When I saw node.js, we’d been writing a huge pile of JavaScript code for litl based on gjs (gjs is a custom-built JavaScript runtime, created for native desktop/mobile/consumer-gadget apps rather than server-side code).

At litl, we use a syntax for asynchronicity invented by C. Scott Ananian – who had to talk me into it at some length, but now I’m glad he did. In this syntax, a function that needs to do asynchronous work is a “promise generator”; it passes promises out to a driver loop using the “yield” keyword. The driver loop resumes the async function when the promise is completed. There’s a bug to add this to gjs upstream.

Here’s how a web request handler which relies on a backend service and a cache service might look:

var someBackendService = require('someBackendService');
var someCacheThing = require('someCacheThing');

var id = request.queryParams['id'];

var promiseOfFoo = someCacheThing.lookupFoo(id);

// yield saves continuation and suspends
var foo = yield promiseOfFoo;

if (!foo) {
    promiseOfFoo = someBackendService.fetchFoo(id);

    // again suspend while waiting on IO
    foo = yield promiseOfFoo;

    var promiseOfSaveFoo = someCacheThing.storeFoo(id, foo);

    // wait for cache to complete, in case there's an exception
    yield promiseOfSaveFoo;
}

// this write would be async via event loop also of course
request.response.write(foo);

You see the idea. There are potentially three asynchronous requests here to serve the incoming request. While waiting on them, we don’t use up a thread – we return to the event loop. But, the code is still sequential and readable.

In Java, you can do this with Kilim for example. You can get the same performance effect, with less syntactic help, using Jetty Continuations. I’m not claiming this is a new idea or anything. But more frameworks, including node.js, could work this way. The abstraction might be pretty nice in desktop apps as well.

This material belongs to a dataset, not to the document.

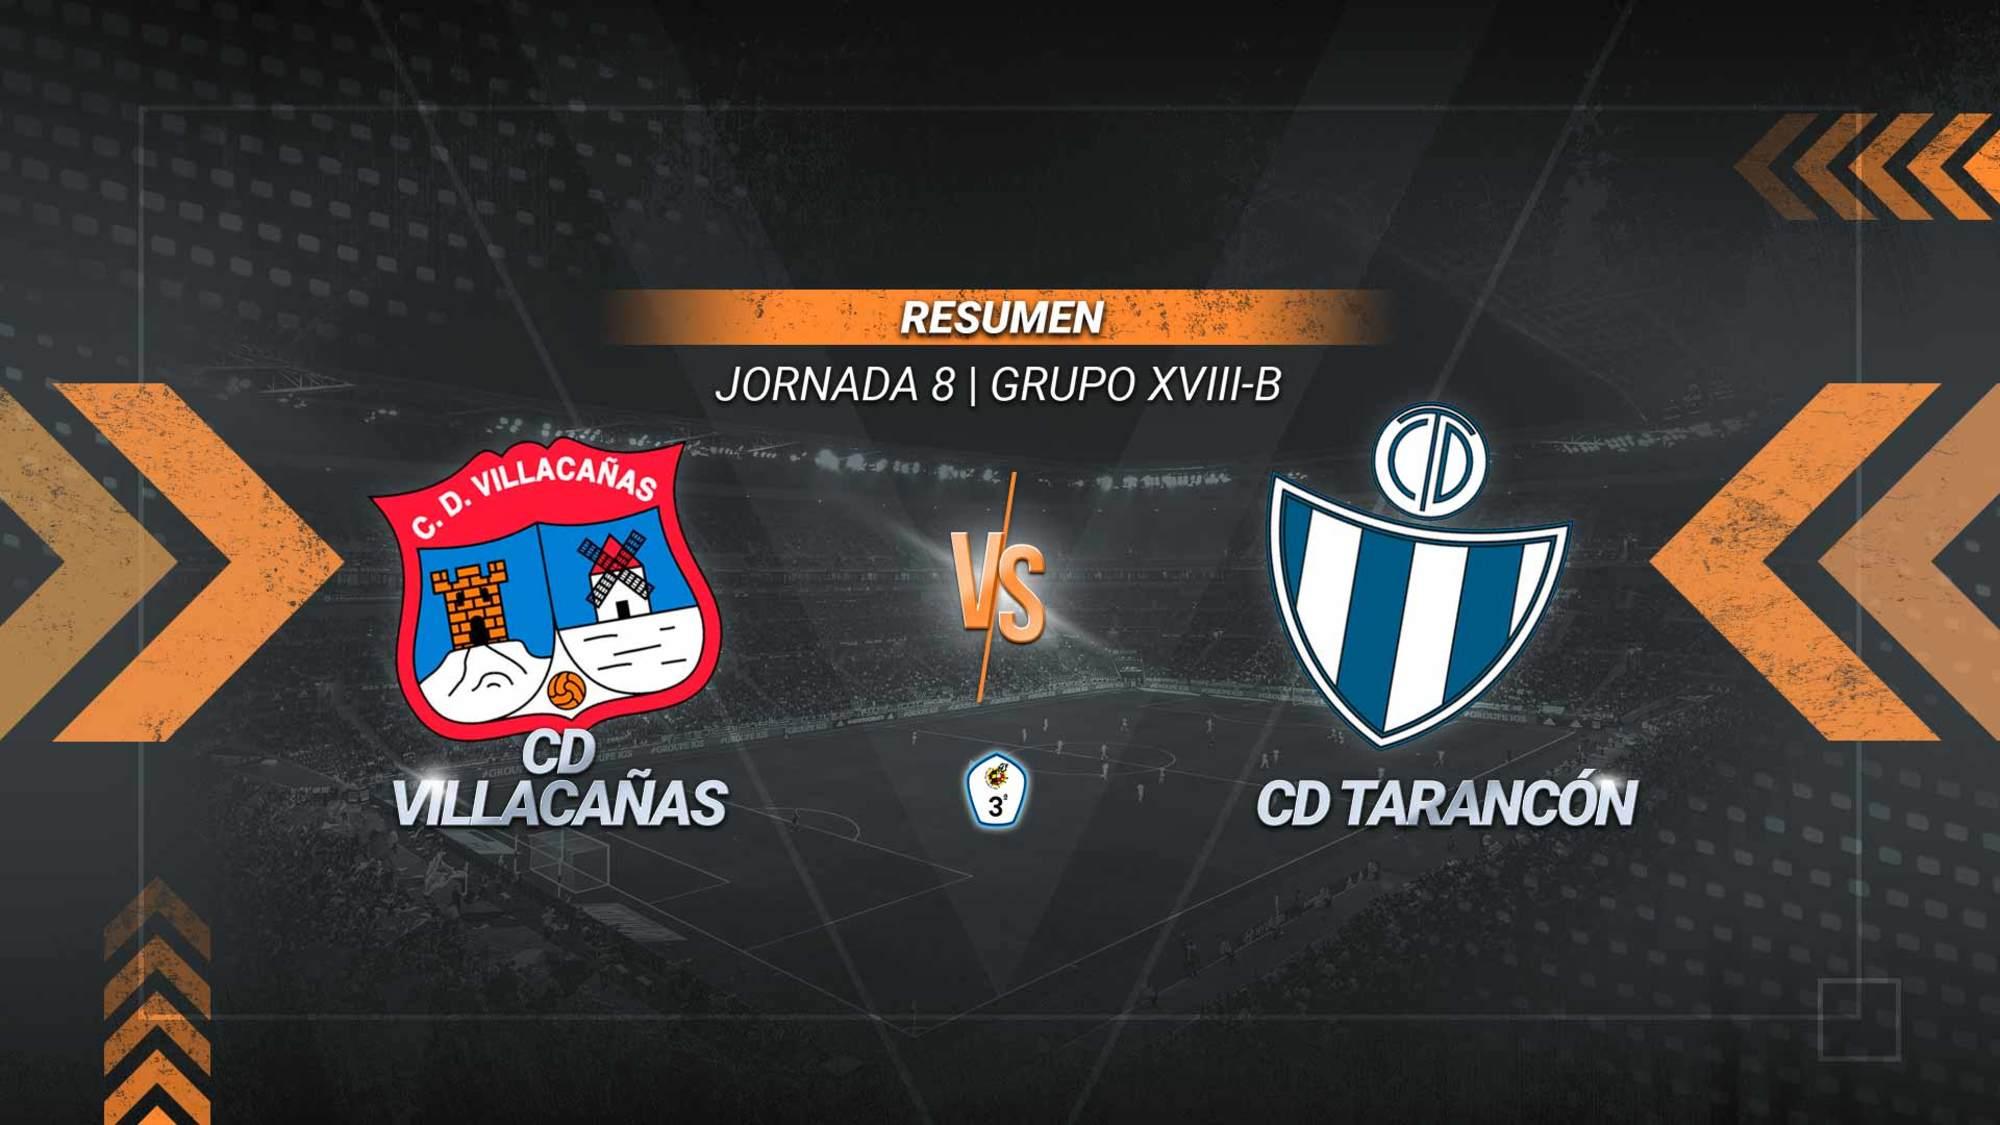 El Villacañas apea del liderato al Tarancón con un gol de Godoy en los primeros minutos de la segunda parte. El equipo villacañero acumula tres victorias consecutivas.

If you aren’t familiar with it, “yield” is how JavaScript supports continuations. See this page on Mozilla Developer Network. The HTTP handler in the above example would be implicitly enclosed in a generator function that generates promises. The framework would generate a promise, wait in the event loop until the promise was completed, then resume the generator. When the generator resumes, its yield statements either evaluate to the value of the promise, or they throw an exception.

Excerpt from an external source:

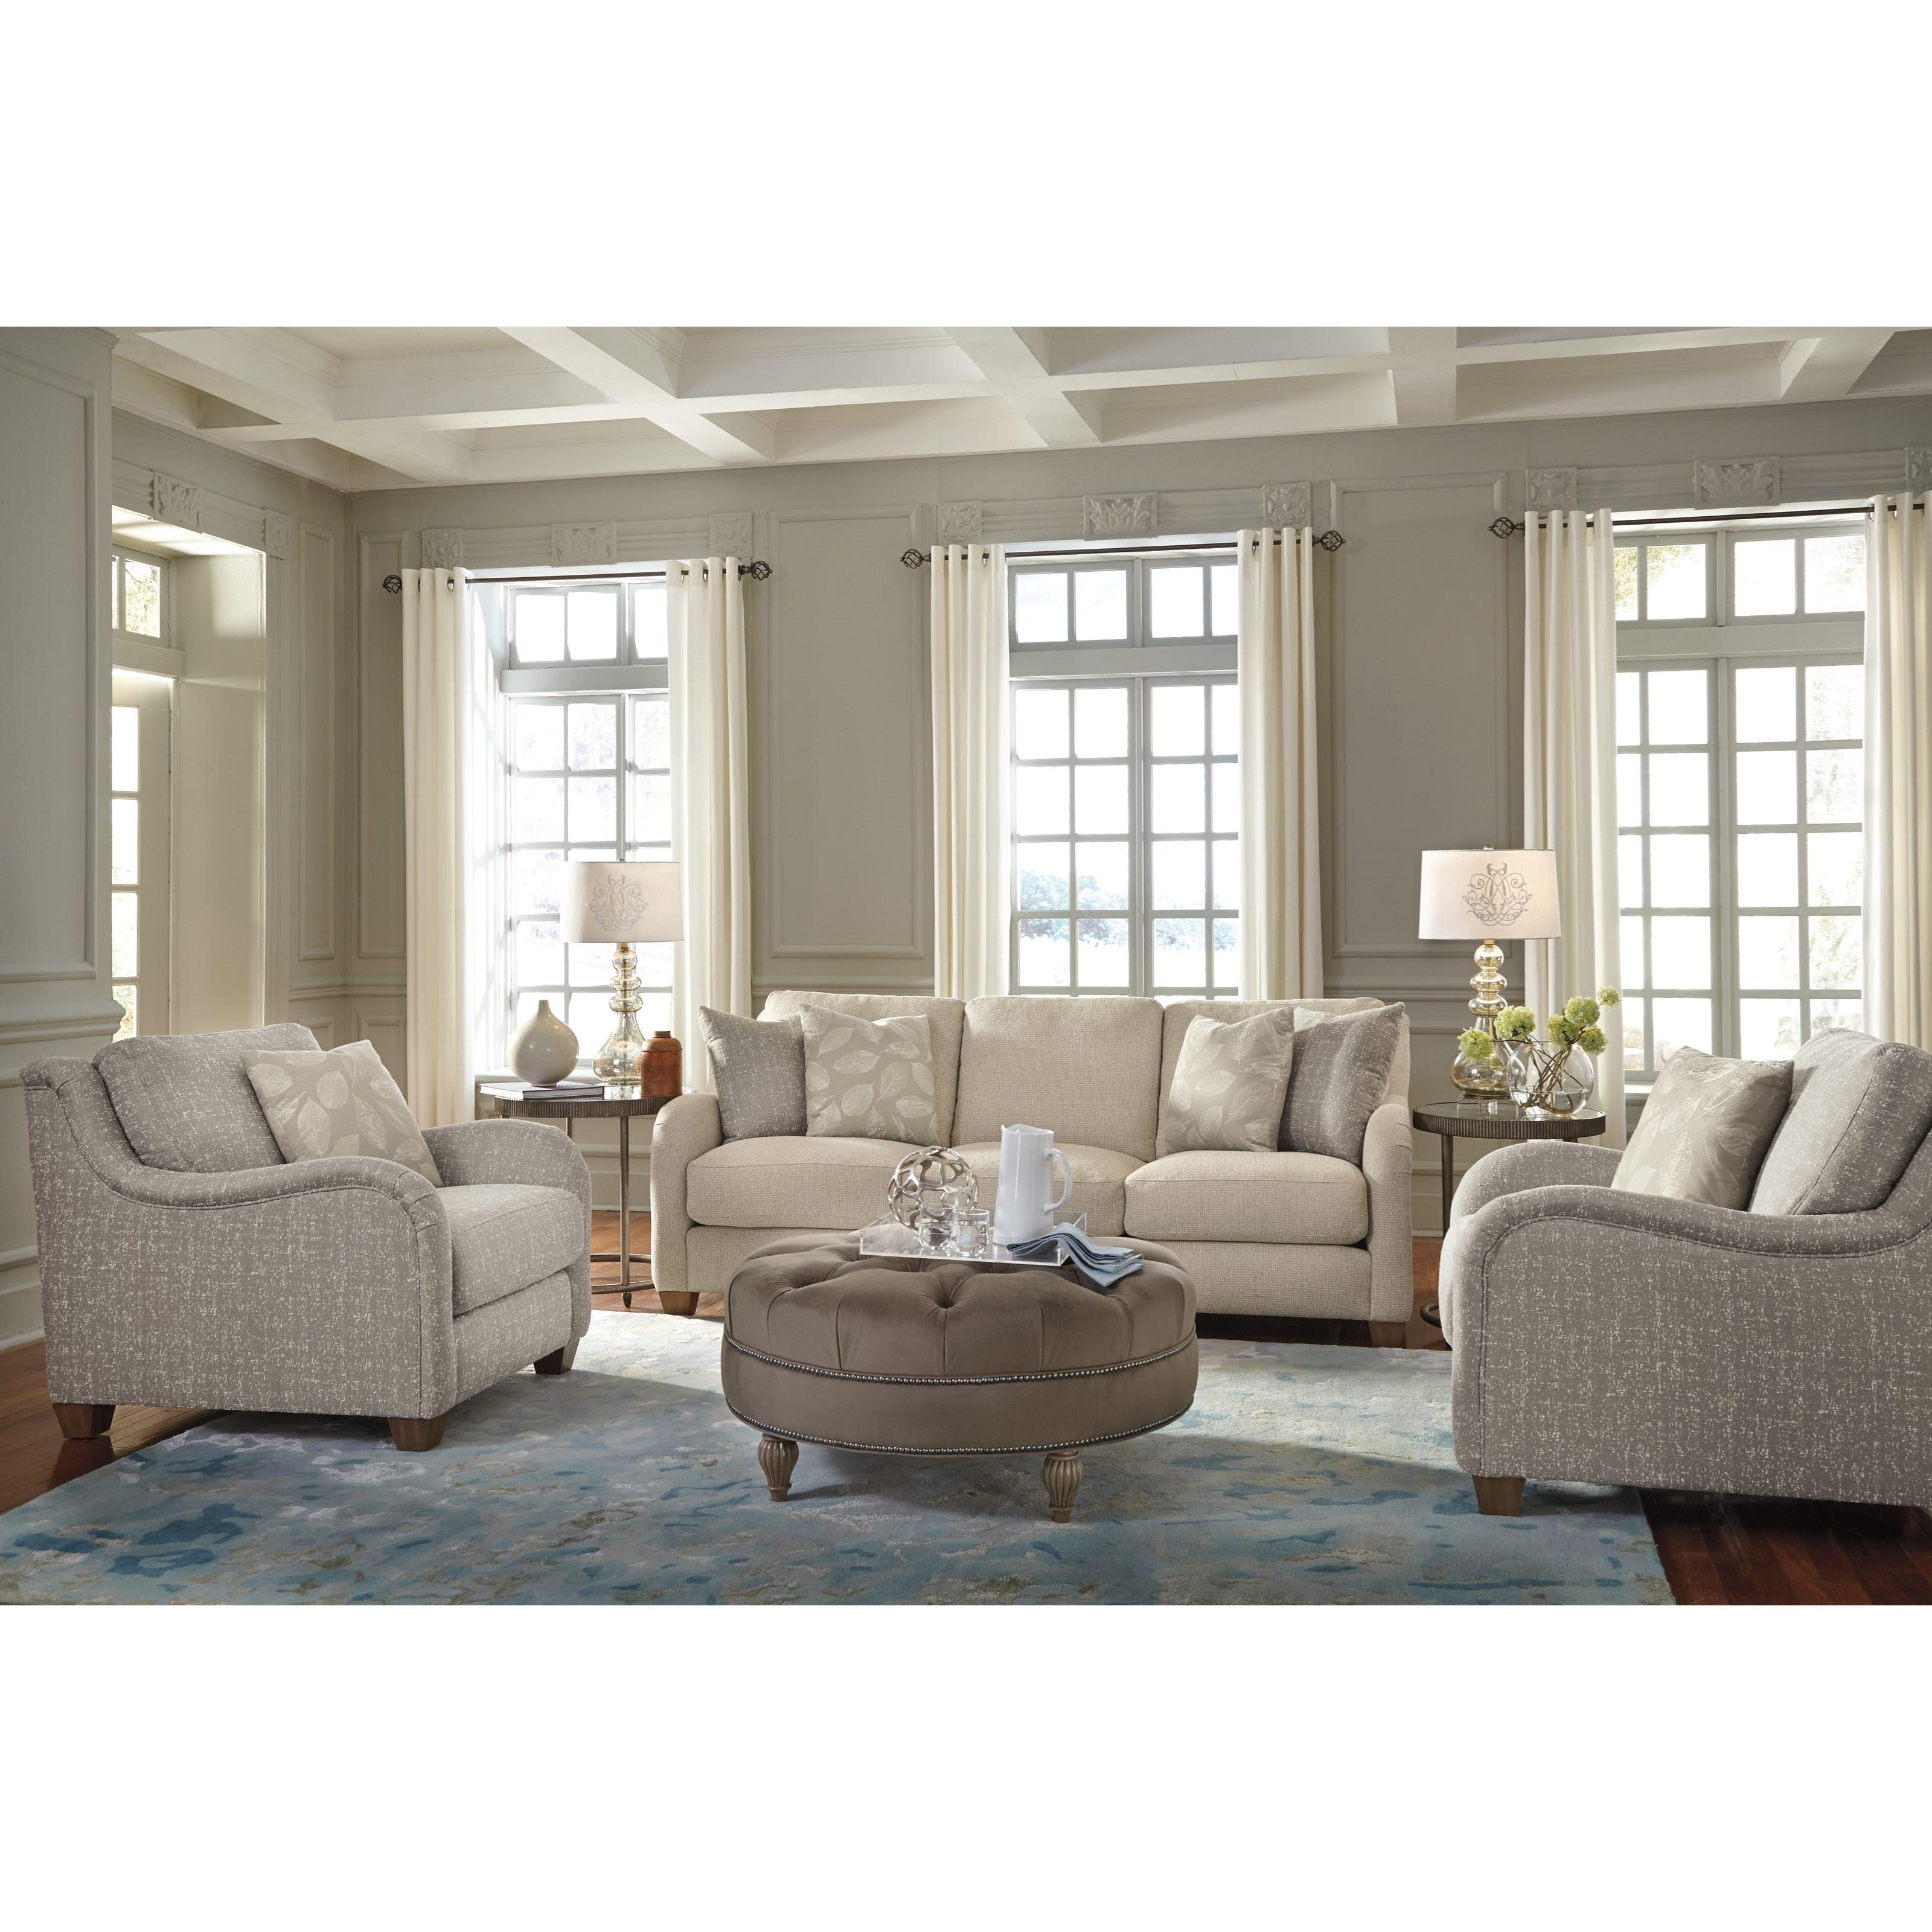 Flexsteel Fortuna Living Room Group - Item Number: 7908 Living Room Group 1

I believe Scala/Akka actors could use a style like this now that Scala 2.8 has continuation support. I’m not sure whether anyone has tried that yet. With continuations, a pipeline of actors could be replaced by a single actor that suspends itself whenever it’s waiting on a future.

Why

Each request is a suspendable actor that can save a continuation whenever it’s waiting on the event loop.

No callback spaghetti, just clear concise syntax and sequential code.
Threads aren’t visible in JavaScript; thread bugs are only possible in native code modules.
A bunch of actors like this will automatically max out all cores. Whether you’re doing IO or computation, the right thing happens.
Rather than “worker threads” you can just have more actors, using the same thread pool and event loop.

You just write code. As long as the code doesn’t block on IO, the framework uses the CPU as efficiently as possible. No need to jump through hoops. Even if the code does block on IO or does a long computation, you can get usable results if you allow the thread pool to add threads.

According to the node.js home page, they aren’t open to adding threads to the framework; node.js also removed promises (aka futures or deferreds). It may still be possible to implement this syntax in node.js as a third-party module, however – I’m not sure.

I agree shared state across threads in JavaScript would be bad, but I’d love to see threads on the framework level.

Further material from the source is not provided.